Clean Architecture: The Key to Modular and Testable Android Apps

clean architecture

What is a Clean Architecture?

Imagine you’re building a house. In Clean Architecture, your codebase is like that house. It’s organized in distinct layers, each with its own purpose and responsibilities. Just like a house has an outer shell, rooms, and inner workings, Clean Architecture has layers: Presentation (UI), Domain (business logic), and Data (storage and external services).
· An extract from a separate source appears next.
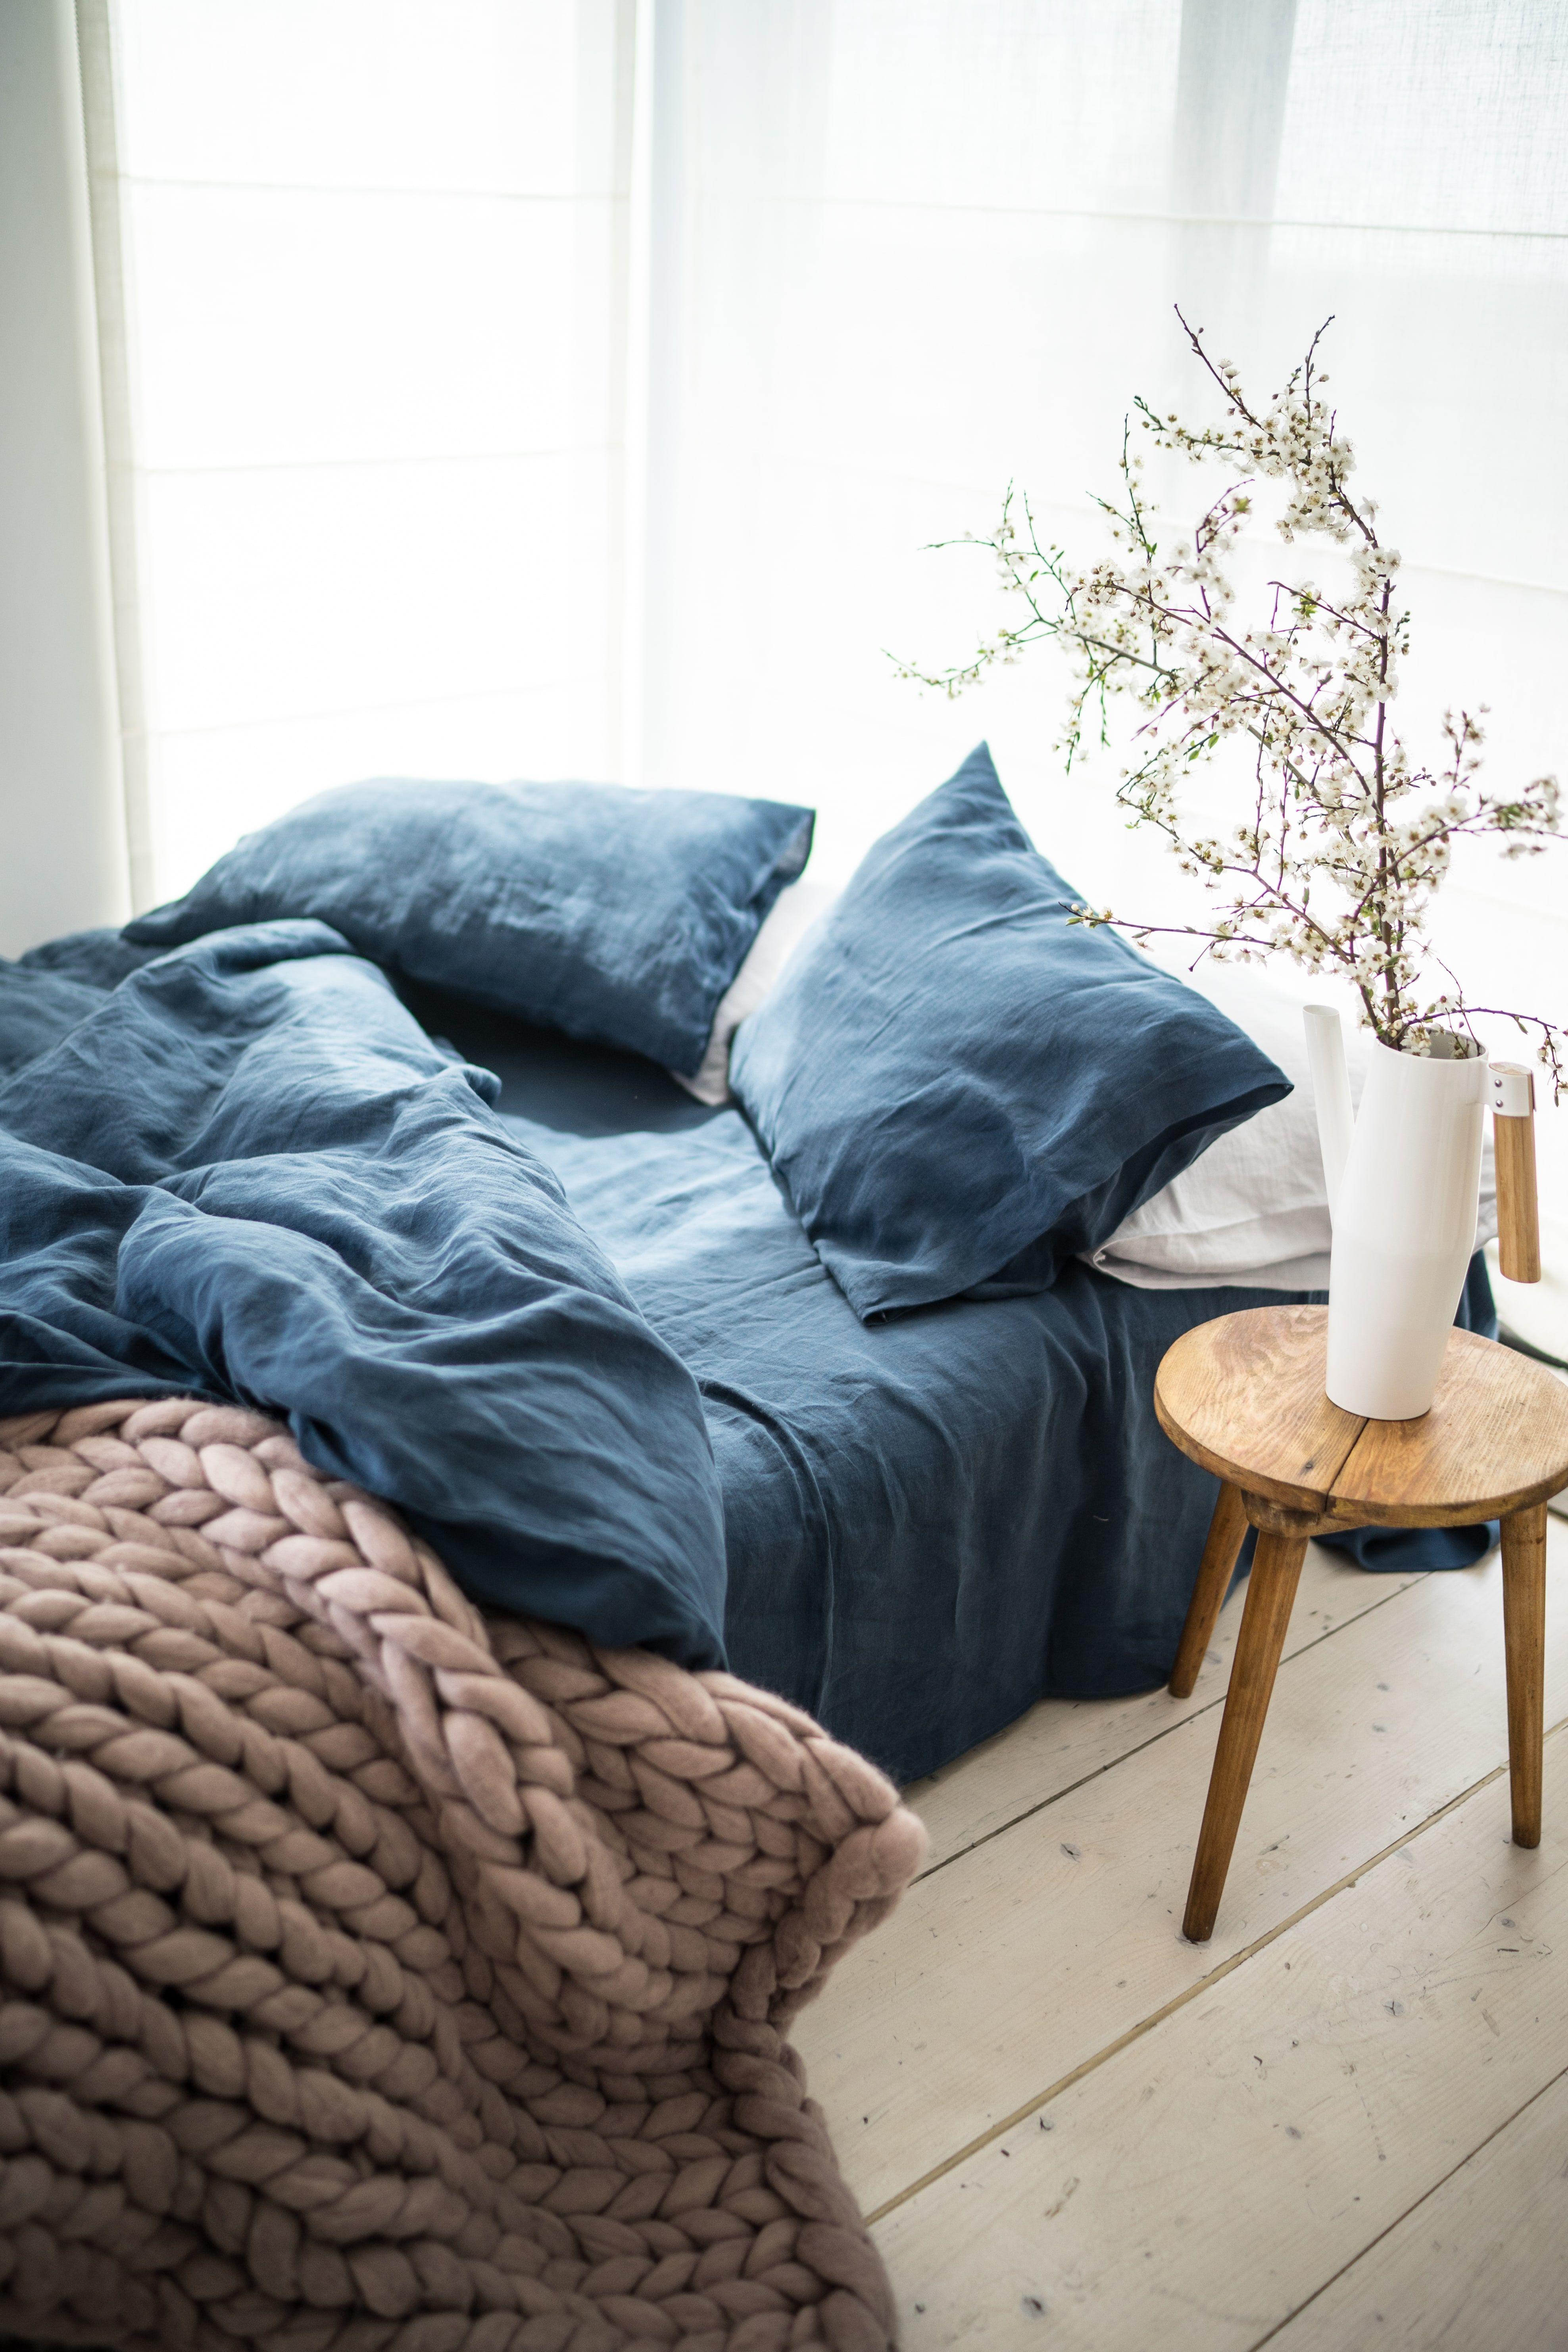 "Your Organic Bedroom: Small Throw Blanket 35""x50"" (90x130 Cm)"

The key idea is to keep these layers independent so that changes in one layer don’t affect others.

clean  Architecture

What is MVVM in Android with example?

MVVM stands for Model-View-ViewModel, and it’s a design pattern used in software development, particularly in the context of building user interfaces for applications, including Android apps. MVVM is designed to help separate the concerns of an application’s UI, business logic, and data manipulation, making the codebase more modular, maintainable, and testable.

Imagine you’re making a to-do list app. The Model represents your tasks, the View is the UI displaying those tasks, and the ViewModel manages the data and interactions. So, when you check off a task in the UI, the ViewModel updates the Model, and the UI automatically reflects the change. This separation makes your code more maintainable and testable.
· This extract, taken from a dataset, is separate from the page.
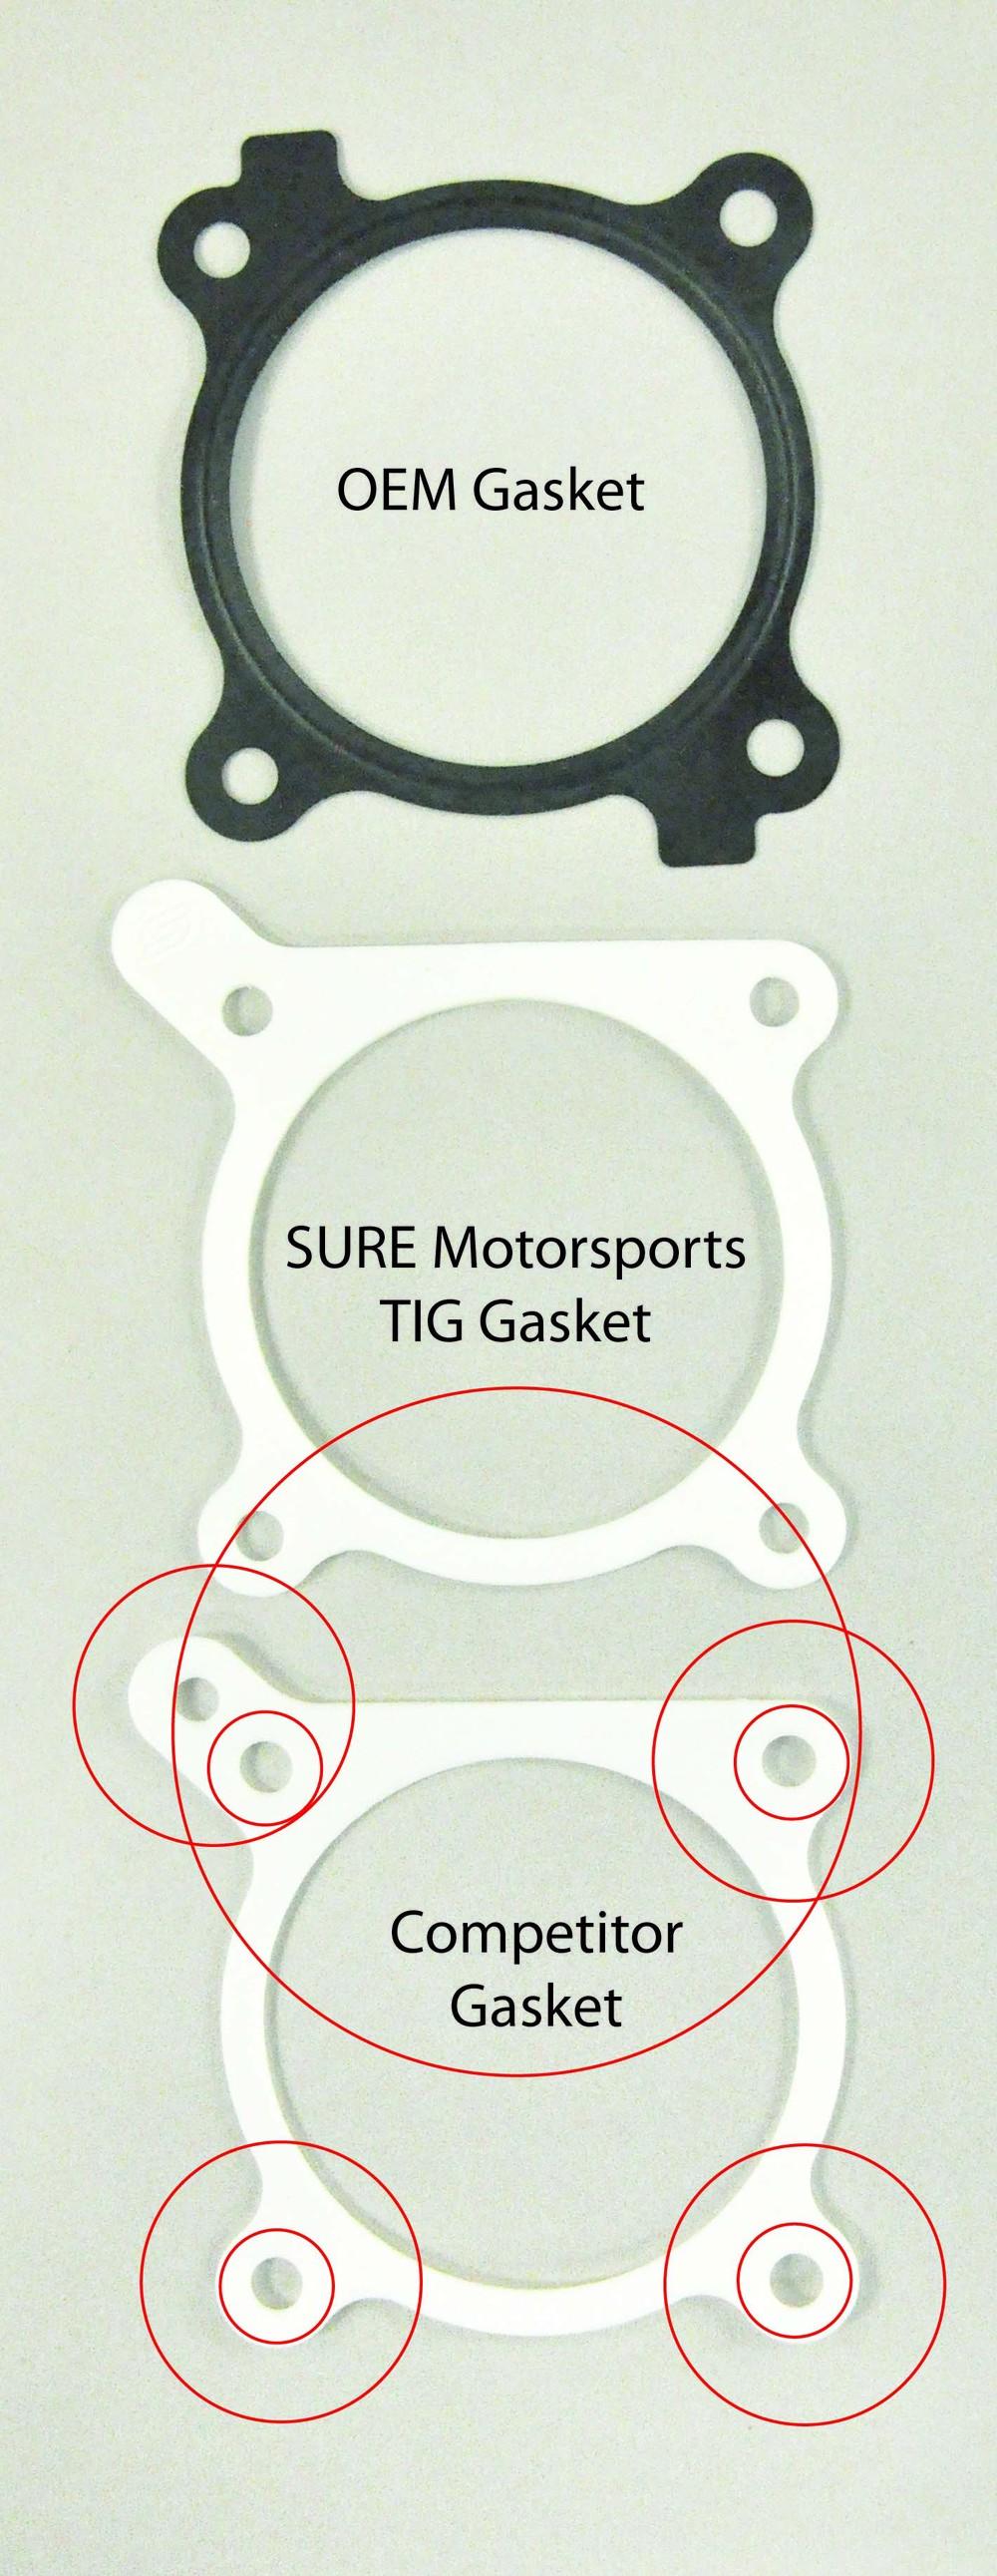 SUREMotorsports_TIG2.jpg

1. Clean Architecture Layers:

  • Domain Layer (Use Cases): Contains the business logic and rules.
  • Data Layer (Repositories): Deals with data sources like databases or APIs.
  • Presentation Layer (UI): Handles the user interface and interactions.

2. MVVM Components:

  • Model: Represents data entities and business logic.
  • View: Represents the UI elements and layout.
  • ViewModel: Manages the UI-related data and communication with the Model.

What is MVVM with Clean Architecture in Android?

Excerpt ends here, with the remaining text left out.